Dear Rick,
How could I so easily forget the one place that has so much meaning, the place that would be so difficult to return to without you?
Home Depot was a huge part of our marriage. It started at Lester’s, when we were planning to buy his house on land contract. We put a lot of work into that house and then walked away.
After buying the house in Maryland, we literally spent hours every weekend for another six years, roaming the aisles purchasing appliances, and parts, and lumber, and screws.
We tore our house back to the studs and rebuilt it by hand – which meant needing all sorts of tools, large and small – purchasing the smaller ones, renting the big ones. We’d start out Sunday mornings at Old Country Buffet for breakfast, then walk across the parking lot to the Home Depot.
You’d sometimes stop for things on the way home from work, but we usually shopped together on Saturdays and Sundays before taking on more hours of work on whatever project was currently underway. Then, after returning to Michigan, we started all over updating this house and we needed to make those same trips.
When your mom died, we spent how many years? At least three, doing it all over again.
Home Depot, and sometimes Lowes, was a major location for so much of our time together, building, rebuilding, updating our homes together. Watching out dreams come to fruition was wonderful and forged the deep connection, the bond we both enjoyed in our 21 years together.
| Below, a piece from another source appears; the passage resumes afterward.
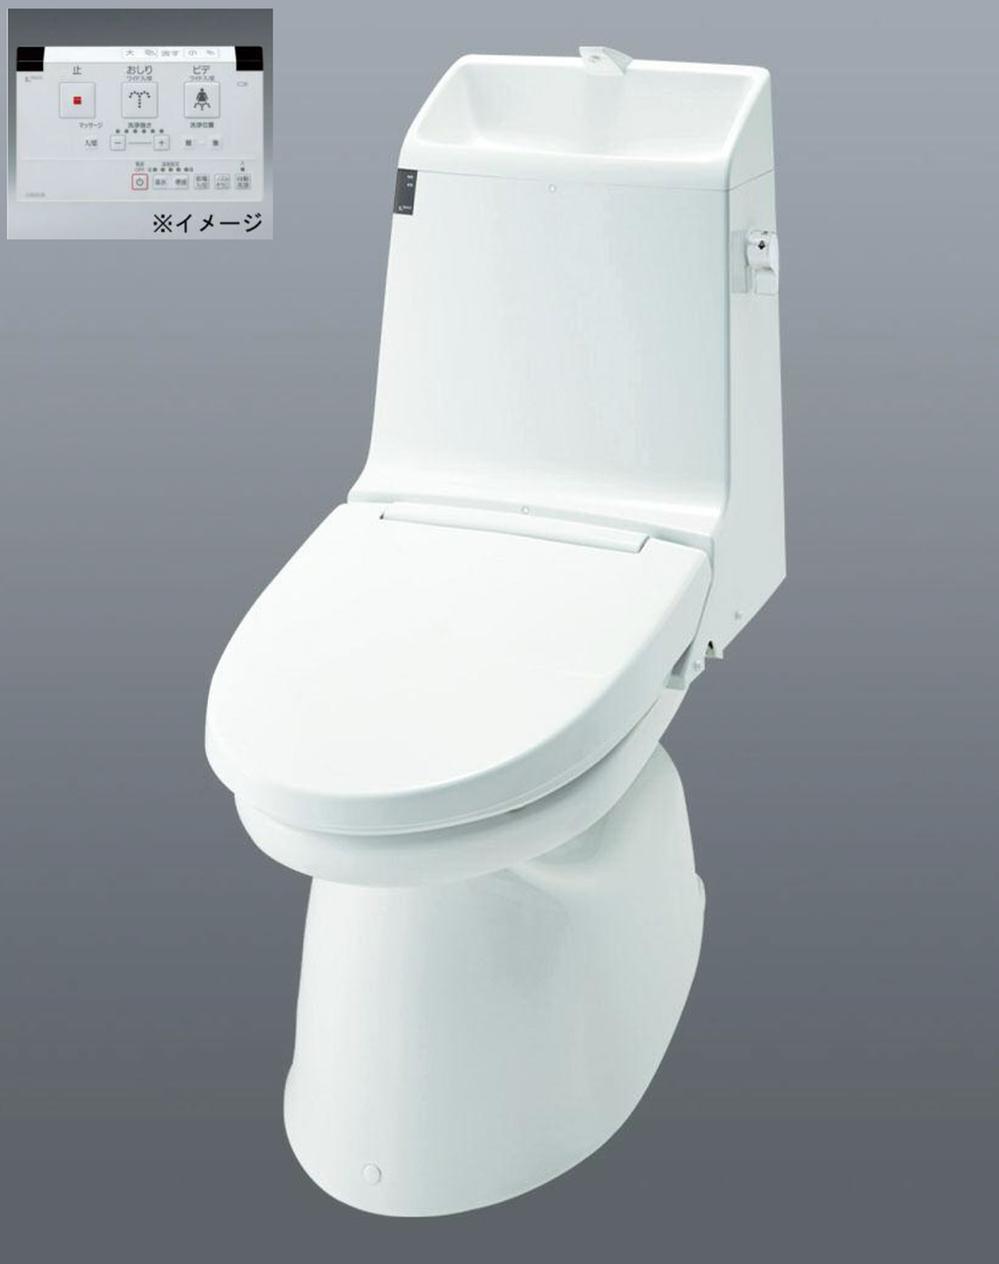 Toilet.  ・ Warm water washing heating toilet seat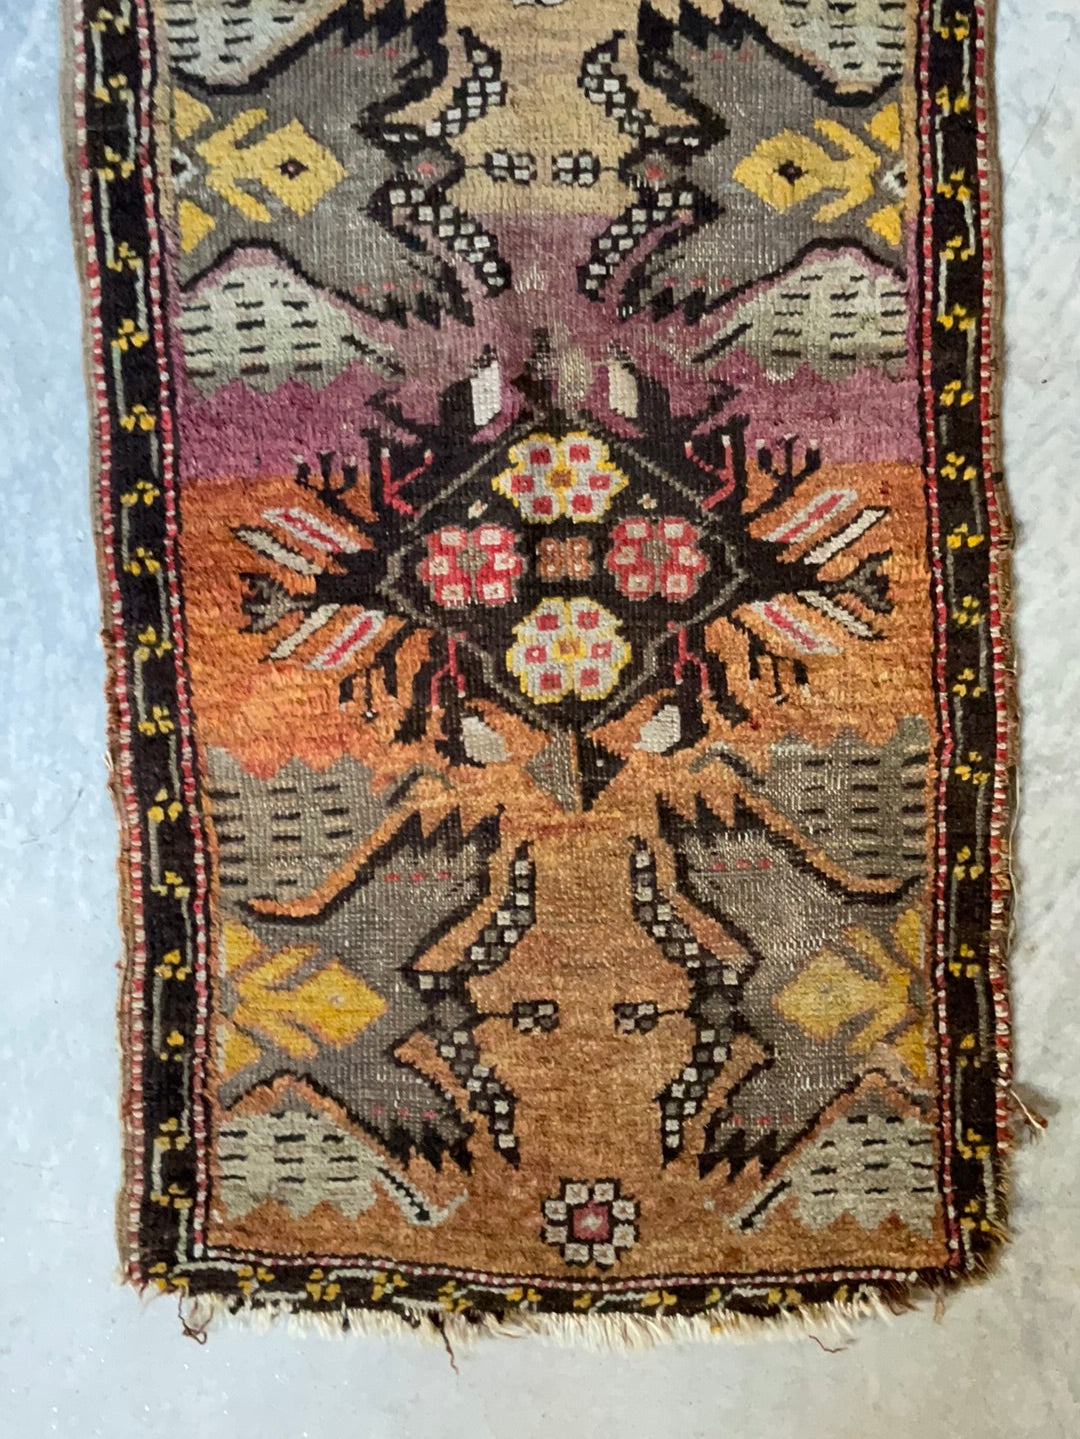 Antique Turkish Scatter Rug

So it’s no wonder it hit hard yesterday when I went to Home Depot with Brandon and Jonas. For some fathomless reason, it never occurred to me that it would be difficult. I knew the diners where we had our breakfast every Sunday would be awful to visit without you, and going to movies without you, which was our weekly Thursday date – I knew that would sting. But Home Depot? How could I forget how much that could hurt, walking those hallowed halls without you?
It just seemed so wrong. I very rarely, if ever, went there to pick up anything without you by my side. It was always the two of us! I think I’m glad I was with Brandon the first time, and not alone. I’m not sure I could have even walked in the door by myself. I maintained my cool, but felt like sobbing.
Brandon left me for a few minutes while I entertained Jonas as he watched an employee, a forklift, and a garage door, and standing there with him, I had time for my mind to wander, and it started to hurt more and more. It was near the lumber – oh, how many times did we buy and look at lumber? Six or more decks, a front porch, fences…hasps and braces, latches and brackets.
God, I missed you then. I wished more than anything that we could have a do-over. I want to start from the beginning and enjoy the entire 21 years again, with you by my side, laughing, joking, arguing, swearing, but most of all just loving each other. Just being together day and night, week after week, month after month, year after year, decades with you by my side.
I can’t stand this isolation. This is the greatest punishment I’ve ever endured.
Why? Why can’t we have had more time together? I knew being married at forty meant we’d lost at least two decades we could have shared, but I hoped so much to live to be 80 with you. To retire and just be together, no matter how old, crotchety, lame, or sickly – I’d have loved my time with you.
I miss you, honey. I miss you and the life we shared. I miss weekends at the Home Depot and hanging out, and building our lives together.